Singles from American Beauty/American Psycho
- "Centuries" Released: September 9, 2014; "Immortals" Released: October 14, 2014; "American Beauty/American Psycho" Released: December 15, 2014; "Uma Thurman" Released: January 12, 2015; "Irresistible" Released: February 19, 2015;

= American Beauty/American Psycho =

2015 studio album by Fall Out Boy

American Beauty/American Psycho (sometimes abbreviated as AB/AP) is the sixth studio album by American rock band Fall Out Boy, released on January 16, 2015 through Island Records as the follow-up to the band's comeback album Save Rock and Roll (2013). The band wrote music while on tour with Paramore mid-2014 and it developed into a new album.

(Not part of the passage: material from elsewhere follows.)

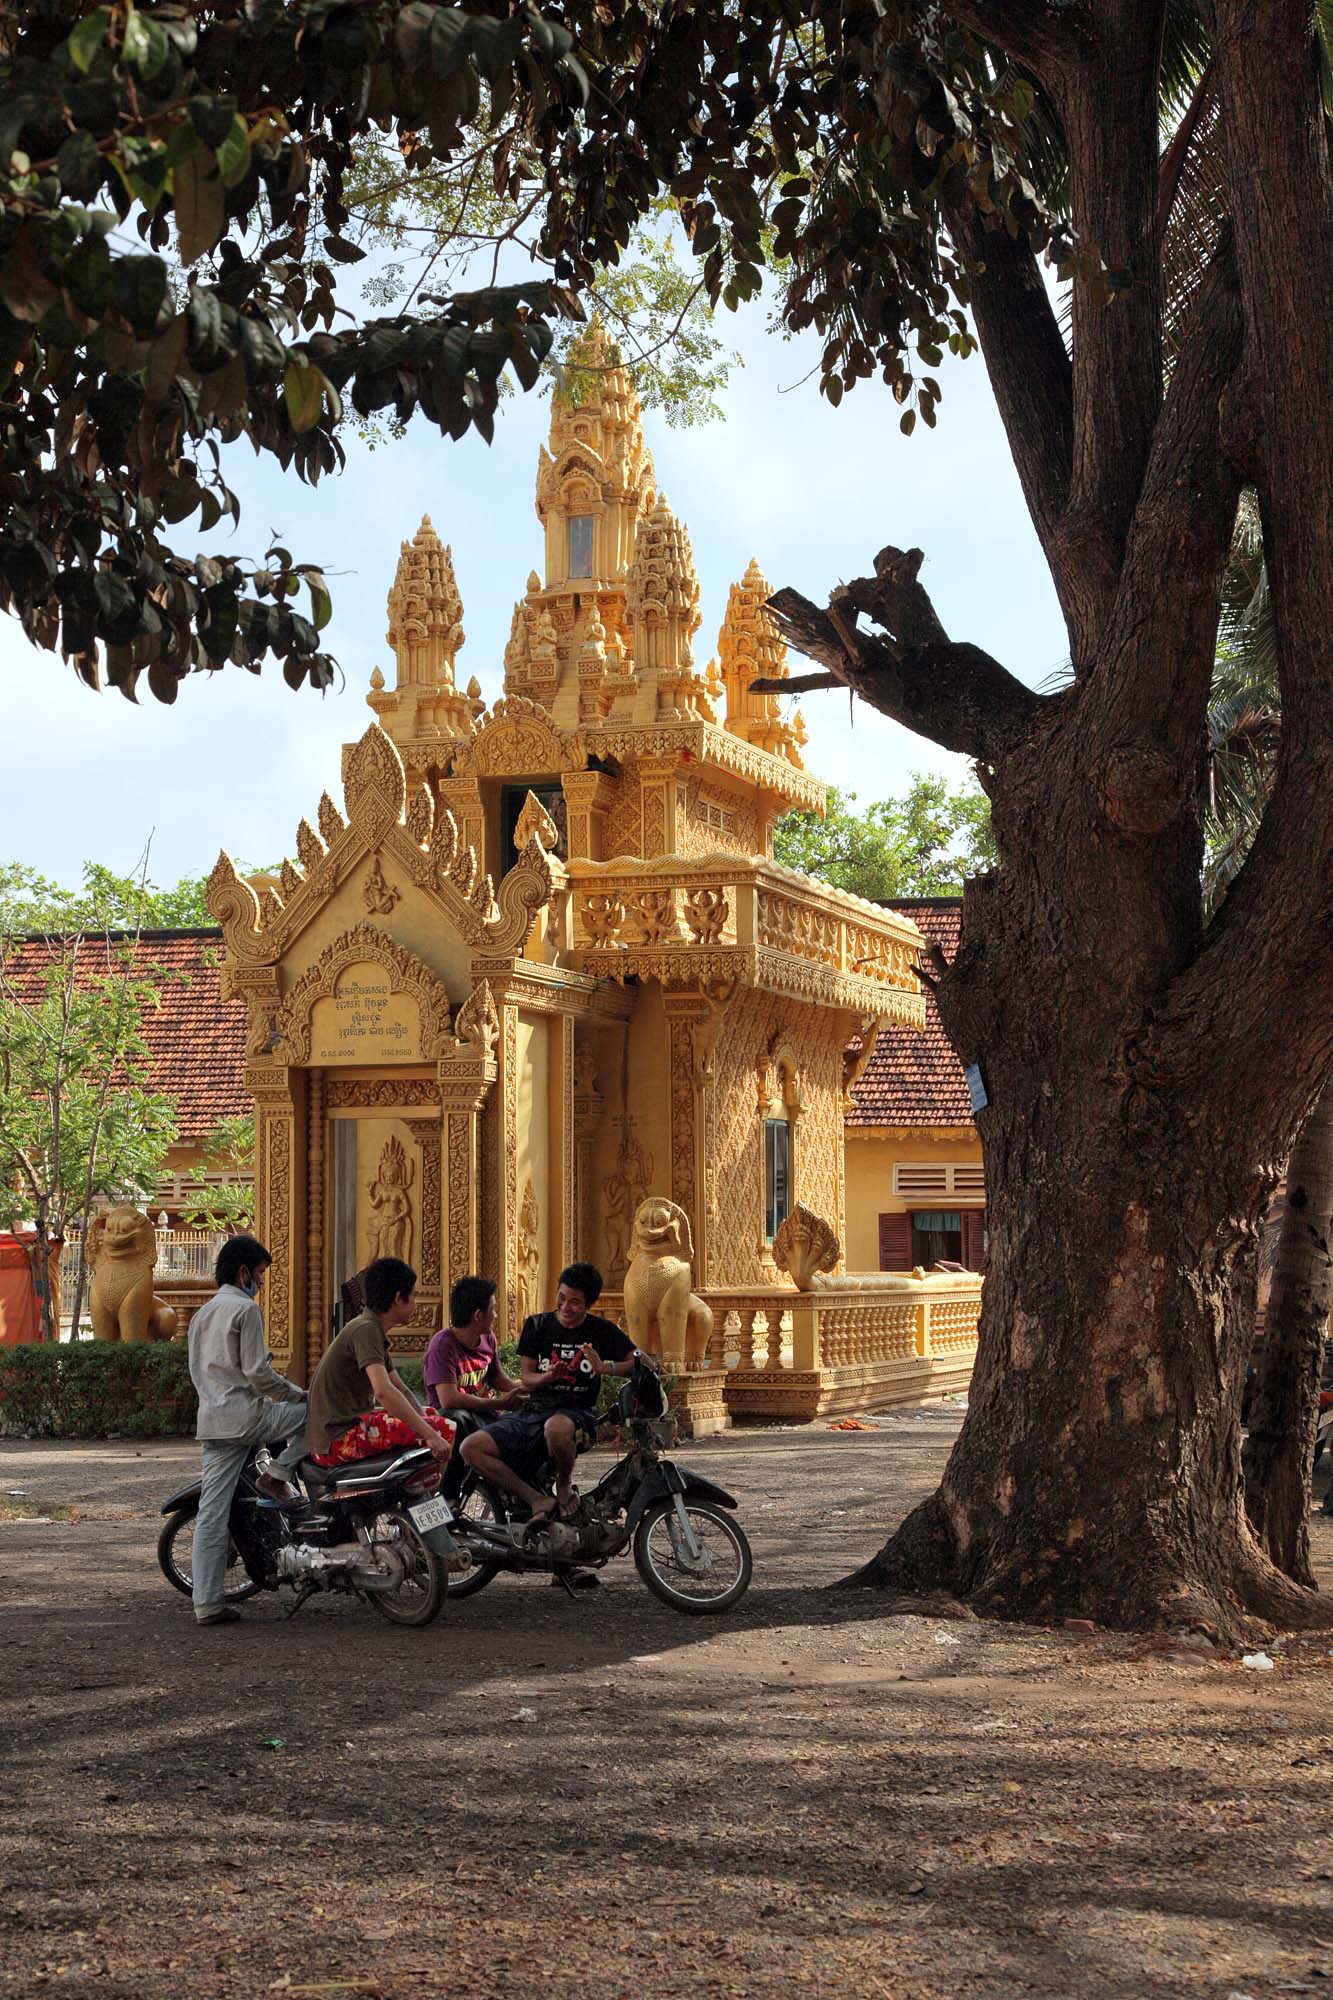 bill-hocker-shrine-phnom-sampow-cambodia-2010

The album's release was preceded by the 8× Platinum top 10 lead single "Centuries", released September 9, 2014 while the album was still being completed. The album's title track was released as the second single in the UK on December 15, 2014, receiving a radio premiere a month before on November 24, 2014. American Beauty/American Psycho debuted at No. 1 on the US Billboard 200 album chart, with 218,000 album-equivalent units in its first week alone and becoming the band's third No. 1 album, later being certified gold in the UK and Canada. On March 1, 2016, the album was certified platinum in the US for 1 million units.

In support of the record, Fall Out Boy played at Soundwave in Australia, made TV appearances, and embarked on three concert tours: the American Beauty/American Psycho Tour, the North American leg of which was named The Boys of Zummer Tour and featured rapper Wiz Khalifa as co-headliner, and the Wintour is Coming tour. On October 30, a remix album entitled Make America Psycho Again was released with a different rapper on each song, which drew in over 13,000 equivalent copies in its debut week.

==Background and recording==
Fall Out Boy began writing for their sixth studio album in the summer of 2014 while still promoting their previous release Save Rock and Roll (2013) on the Monumentour concert tour with fellow American band Paramore. Recording began soon after, with the track "Centuries" being the first of the songs to be written and recorded. By late November, all the songs were written and the album was 80% complete but still needed finishing. While making their previous album, the band was just beginning to realize that music recording methods had changed since their hiatus, but have fully embraced the changes for recording American Beauty/American Psycho. Producer Jake Sinclair made the band realize that parts recorded as demos on laptops are able to make it to the final product.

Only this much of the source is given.